I did the same thing when I saw my old desktop running at 400mhz. Did some research and welp, 400x2=800. I felt dumb.


----------



## eidairaman1 (Nov 9, 2014)

Set XMP, by the way are you on a desktop or laptop


----------



## satindemon4u (Nov 9, 2014)

eidairaman1 said:


> Set XMP, by the way are you on a desktop or laptop



Desktop.


----------



## eidairaman1 (Nov 9, 2014)

Yeah definitely have xmp set for your ram


----------



## satindemon4u (Nov 9, 2014)

eidairaman1 said:


> Yeah definitely have xmp set for your ram



Stupid question I guess, but where/what is this? I am assuming in the BIOS of course, but..?


----------



## eidairaman1 (Nov 9, 2014)

Whats your specific motherboard?


----------



## satindemon4u (Nov 9, 2014)

eidairaman1 said:


> Whats your specific motherboard?



Asus m5a87


----------



## eidairaman1 (Nov 9, 2014)

Under AI Tweaker go to cpu overclock and enable DOCP.


----------



## eidairaman1 (Nov 9, 2014)

Its in your motherboard manual


----------



## Jetster (Nov 9, 2014)

800 @DDR = 1600

"Don't worry... 
	

	
	
		
		

		
		
	


	




 Your RAM is running at 1600Mhz". is correct


----------



## satindemon4u (Nov 9, 2014)

eidairaman1 said:


> Under AI Tweaker go to cpu overclock and enable DOCP.



If the CPU is manually overclocked, with this override that?


----------



## Toothless (Nov 9, 2014)

Nah. This is just to make sure your memory is running at the speed it is listed at. XMP is CPU-only.


----------



## satindemon4u (Nov 9, 2014)

Lightbulbie said:


> Nah. This is just to make sure your memory is running at the speed it is listed at. XMP is CPU-only.

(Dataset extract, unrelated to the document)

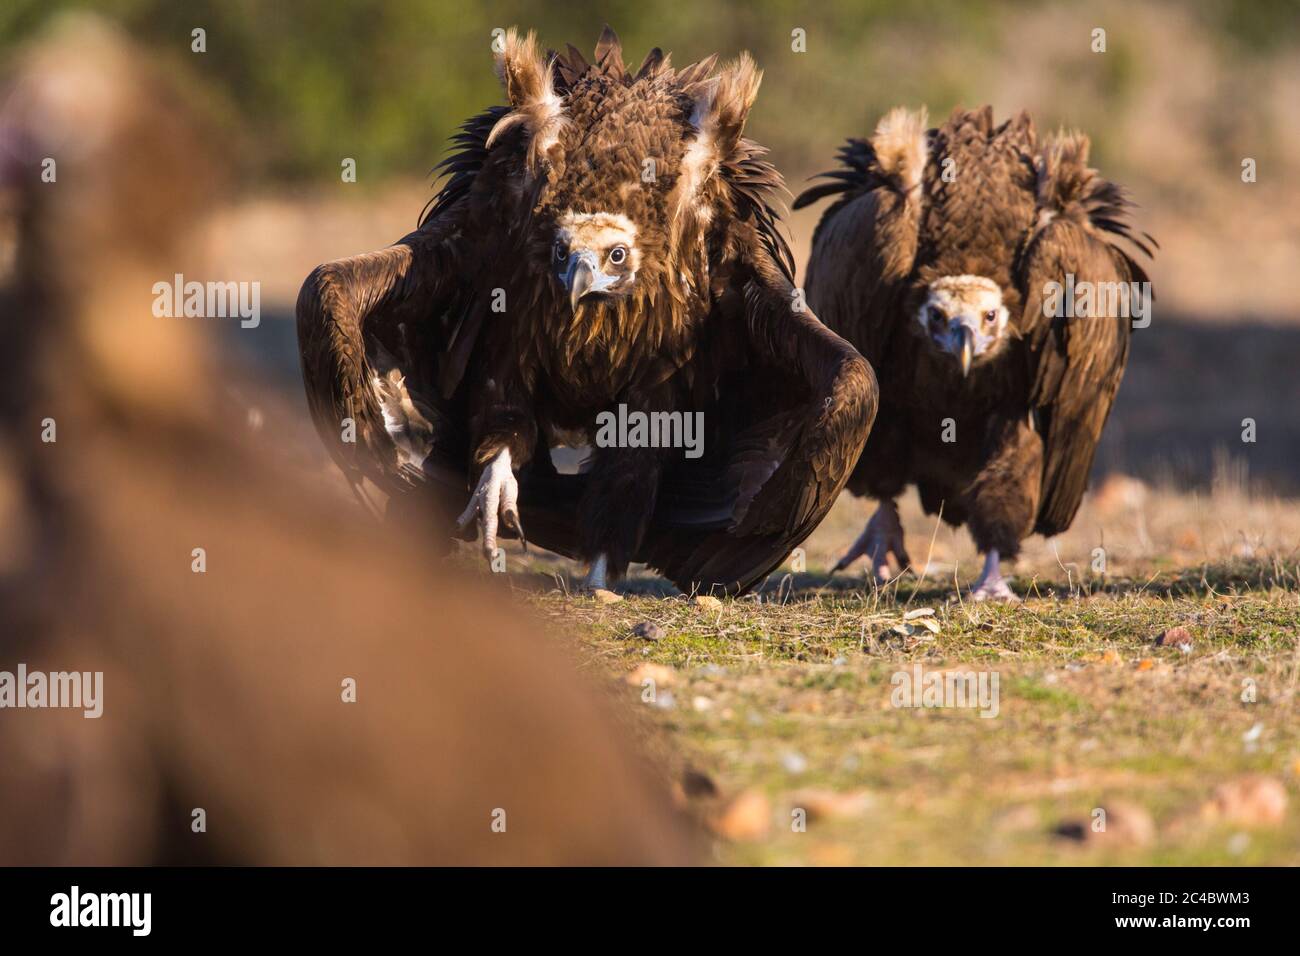 cinereous vulture (Aegypius monachus), Adults in defending position with wings raised, Spain, Extremadura, Caceres Stock Photo

Oh good good. Then I will be sure to set that. With that being said, I take it I can revert the other settings such as the speed and timing back to "Auto", correct?


----------



## eidairaman1 (Nov 9, 2014)

Yes put them back to that and then enable docp, you should then select the memory profile that has the proper timings


----------